McCannon v. McCannon, A98A0592.

Citation231 Ga. App. 601,499 S.E.2d 684
Decision Date10 March 1998
Docket NumberNo. A98A0592.,A98A0592.
PartiesMcCANNON v. McCANNON et al.
CourtGeorgia Court of Appeals

OPINION TEXT STARTS HERE

Thomas M. Strickland, Athens, Benjamin C. Free, for appellant.

Fortson, Bentley & Griffin, J. Edward Allen, Jr., Michael M. Duclos, Richard L. Ford, Jr., Athens, Rodger E. Davison, Royston, for appellees.

BLACKBURN, Judge.

Plaintiff Walter Allen McCannon, Sr. appeals the grant of a directed verdict to his wife, Sara D. McCannon, and his son, Walter Allen McCannon, Jr. (Allen McCannon), defendants in this action, for fraud. Plaintiff alleges that defendants deceived him into transferring certain stock and real property to them. The case went to trial in 1996, ending in a mistrial when the jury deadlocked. The defendants then appealed the trial court's denial of their motion for directed verdict, and this Court affirmed the denial in an unpublished opinion. During the second trial, the defendants again moved for a directed verdict at the close of plaintiff's case, this time on the grounds that there was insufficient evidence of damages. The trial court granted this motion. Plaintiff appeals this ruling as well as several other rulings of the trial court.
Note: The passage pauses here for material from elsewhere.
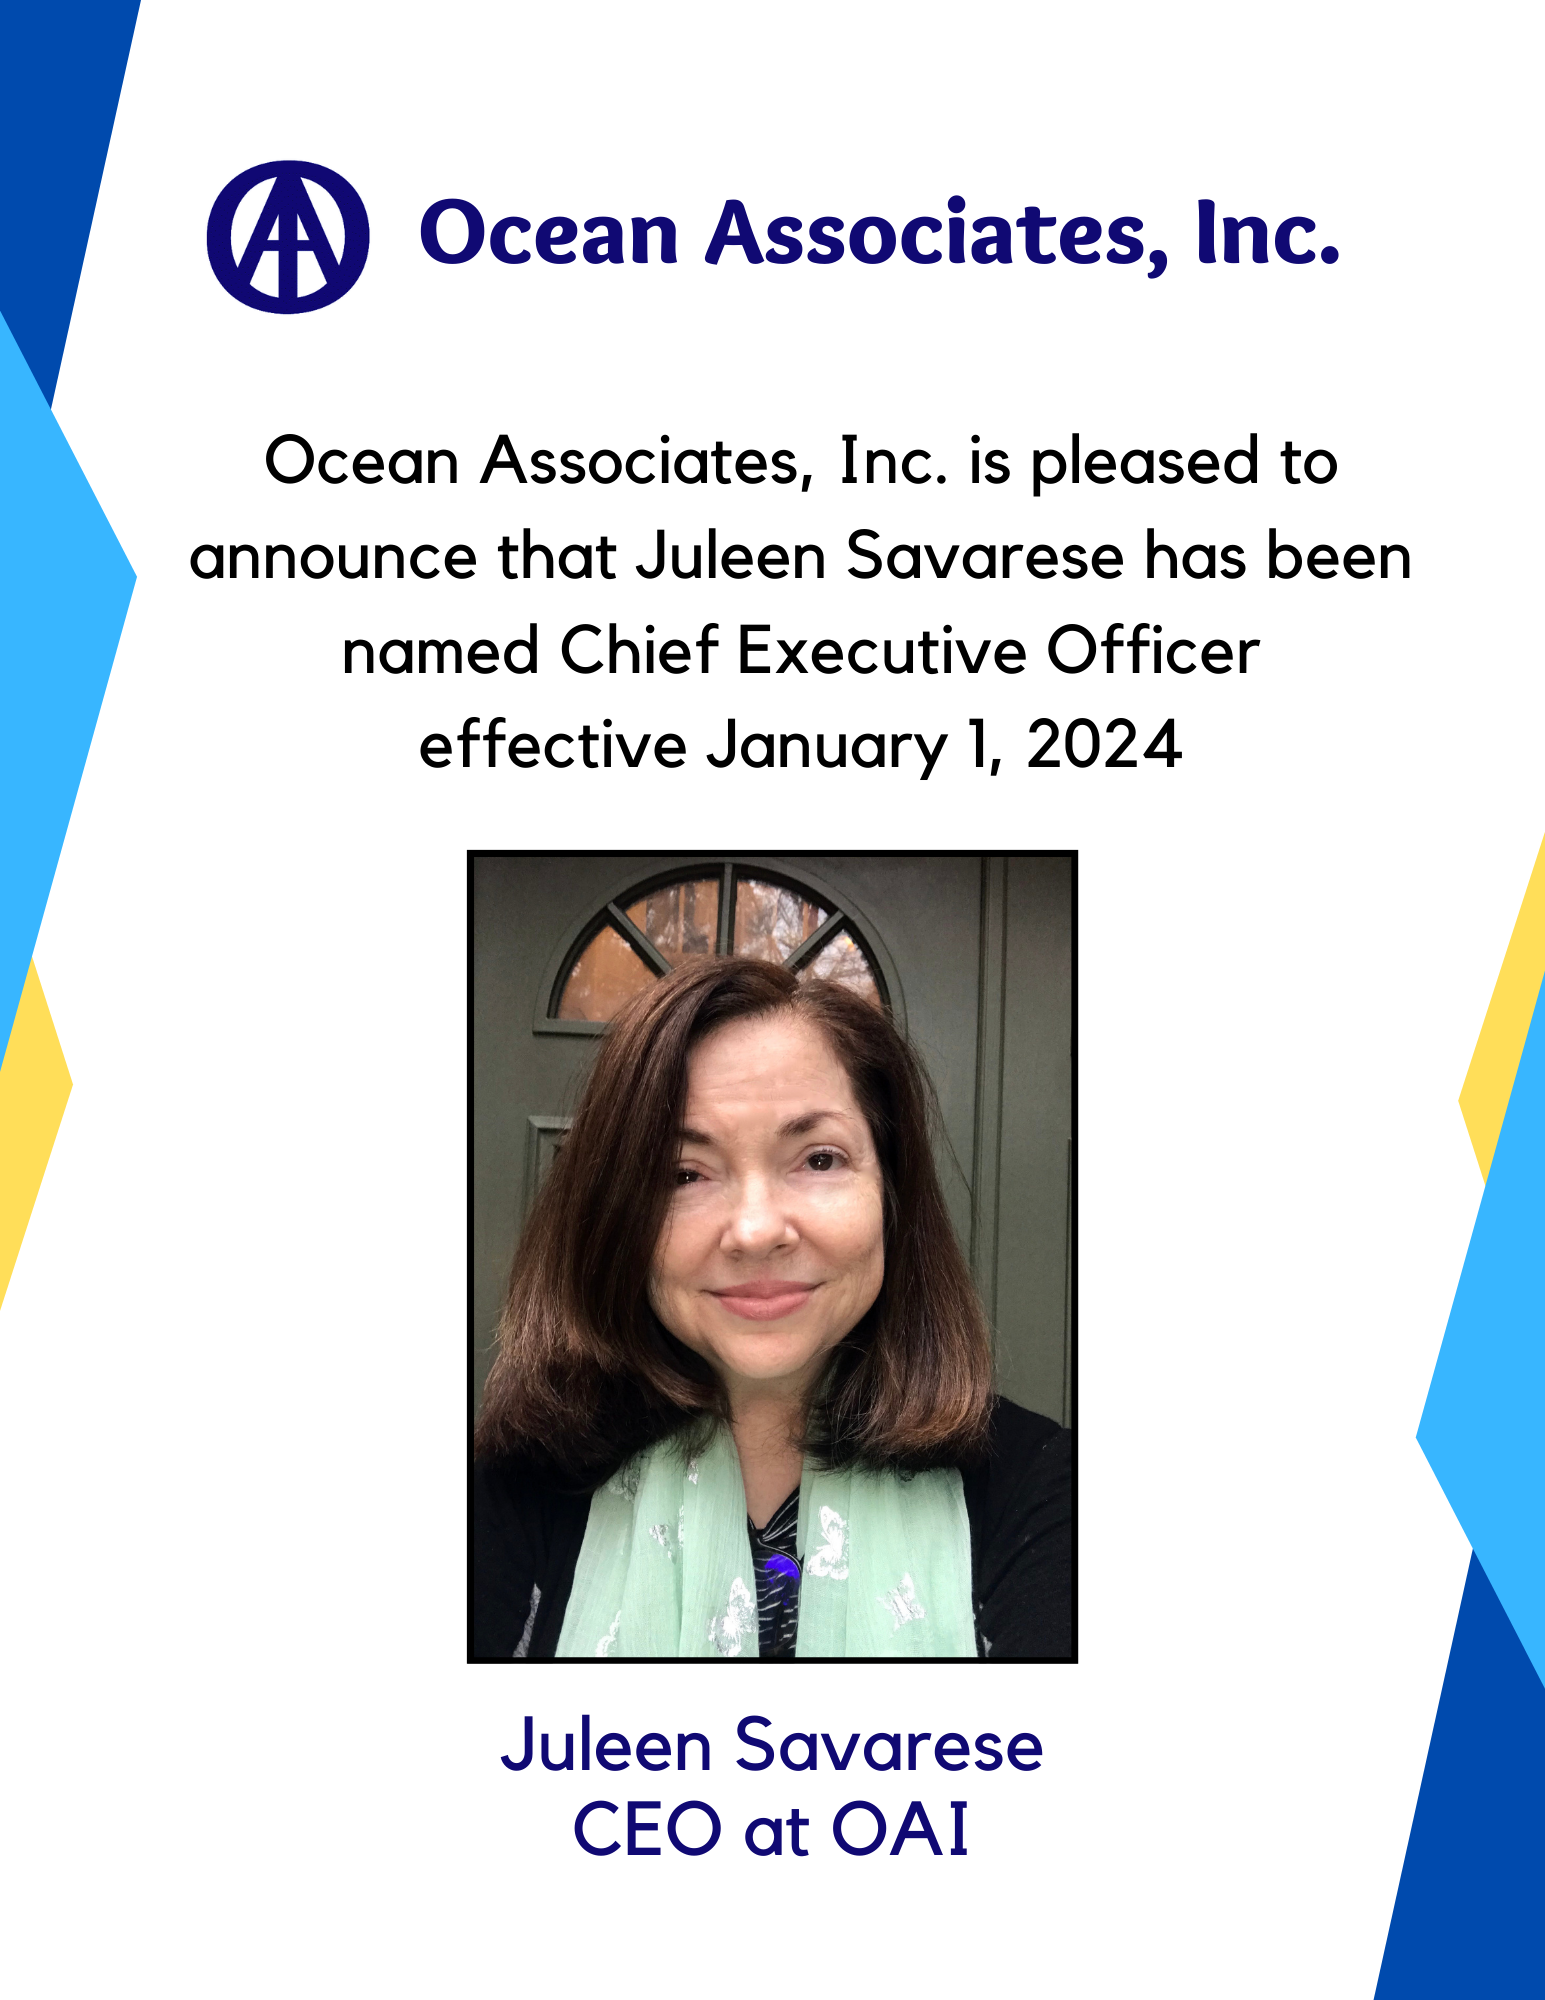 OAI Announces New CEO Juleen Savarese

1. Plaintiff claimed that he was defrauded into transferring his interest in his two corporations, McCannon Granite Company, Inc. and Crystal Blue Quarries, Inc., and certain real property to his son. The trial court granted a directed verdict in favor of defendants on the grounds that there was insufficient evidence as to the value of the transferred property. "A directed verdict is proper only if there is no conflict in the evidence as to any material issue and the evidence introduced, with all reasonable deductions therefrom, shall demand a particular verdict. OCGA § 9-11-50(a). In determining whether any conflict in the evidence exists, the court must construe the evidence most favorably to the party opposing the motion for directed verdict. The standard used to review the grant or denial of a directed verdict is the any evidence test." (Citation and punctuation omitted.) Doubletree, Inc. v. Schanley, 226 Ga.App. 776, 487 S.E.2d 506 (1997).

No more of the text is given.